В другой раз Петр Бородин заговорил, пряча от сына глаза:
– А что этот… Старик одноногий, новый коновал… Не видно его что-то с тех пор, как мы в новый дом перешли. Разлюбил сивуху он, что ли…
Григорий тоже почувствовал неловкость от речей отца, зябко, испуганно поежился, ответил глухим голосом:
– Брось ты, батя, это… Раз сошло, так…
– Дурак ты, – беззлобно сказал отец. – Старичонка гол как сокол. Я к тому, что… Выпил с человеком – он тебе уж кум и брат… В черный день может и пригодиться.
После долгого молчания Петр Бородин добавил:
– Коль увидишь его, спроси, что не заезжает…
Григорий промолчал.
Хорошо, удобно, уютно чувствовал теперь себя на земле Григорий Бородин. Ходил по деревне не торопясь, вразвалку, спрятав руки в карманы тужурки. Но замечал: если идет кто ему навстречу, обязательно постарается свернуть в проулок, будто дорога до того узка, что нельзя разминуться. Понимал Григорий, что не любят его односельчане. Хмурил узенькую полоску лба и думал с угрюмой злостью: «А ты говоришь, батя: к людям с лаской – и живи без опаски… Как же! Зазевайся только – в землю втопчут».
Никогда у Григория не было друзей. А сейчас сошелся он с сыном Гордея Зеркалова – Терехой, бледнолицым, остроносым парнем с черными густыми волосами, с вечно обсыпанными перхотью плечами. Выпив самогонки, Тереха лез целоваться, радостно выкрикивал:
– Гришка, черт!.. Мы с тобой друзьяки, как хошь!.. Мы с тобой… Вот что, Гришка, – вдруг переходил на шепот молодой Зеркалов. – Дочка попа Афанасия – Мавруха – какова?! Как арбуз налитая: помни ее – так же треснет…

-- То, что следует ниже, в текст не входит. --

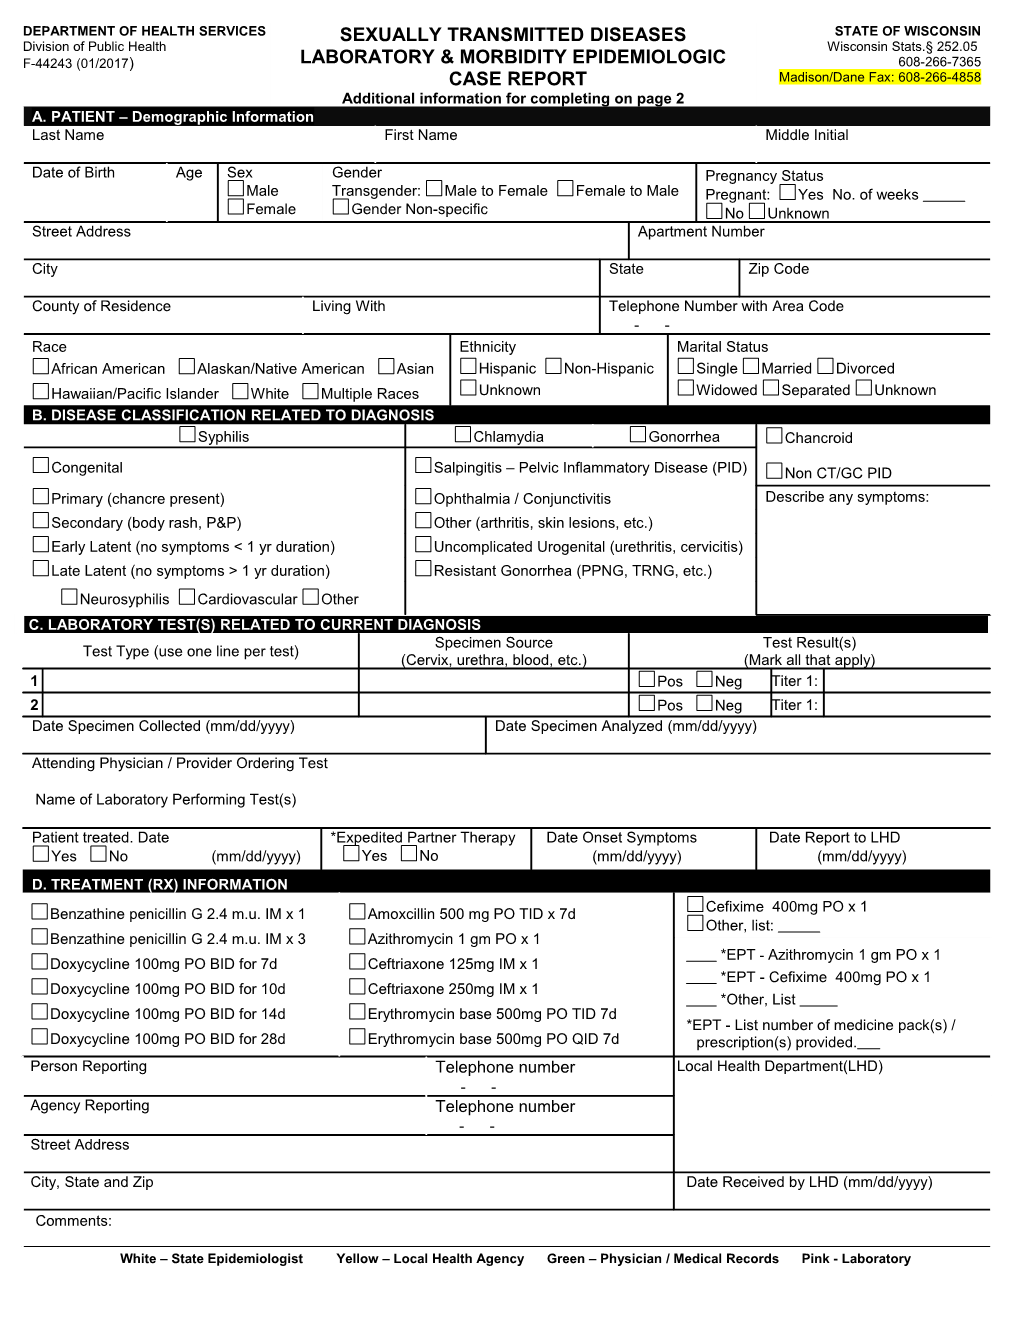 Sexually Transmitted Diseases Laboratory & Morbidity Epidemiologic Case Report, F-44243

– Да знаю, сто раз говорил ты о ней, – с досадой отвечал Григорий, сбрасывая руки Зеркалова со своего плеча. Тереха не обижался, только тряс гривастой головой и выталкивал из себя слова по одному:
– Ну, как хошь, как хошь… Только… она, Мавруха, боится меня одного. А вдвоем бы вызвали погулять ее, ну и… Поп – чего он сделает нам? У моего бати все – вот где… У нас ведь не только в волости сила, где дядя сидит, а и в городе…
Тереха долго вертел перед носом Григория кулаком. Потом подносил к своему, рассматривал со всех сторон и говорил:
– А то еще Дуняха… Эх, полторы жизни отдать можно.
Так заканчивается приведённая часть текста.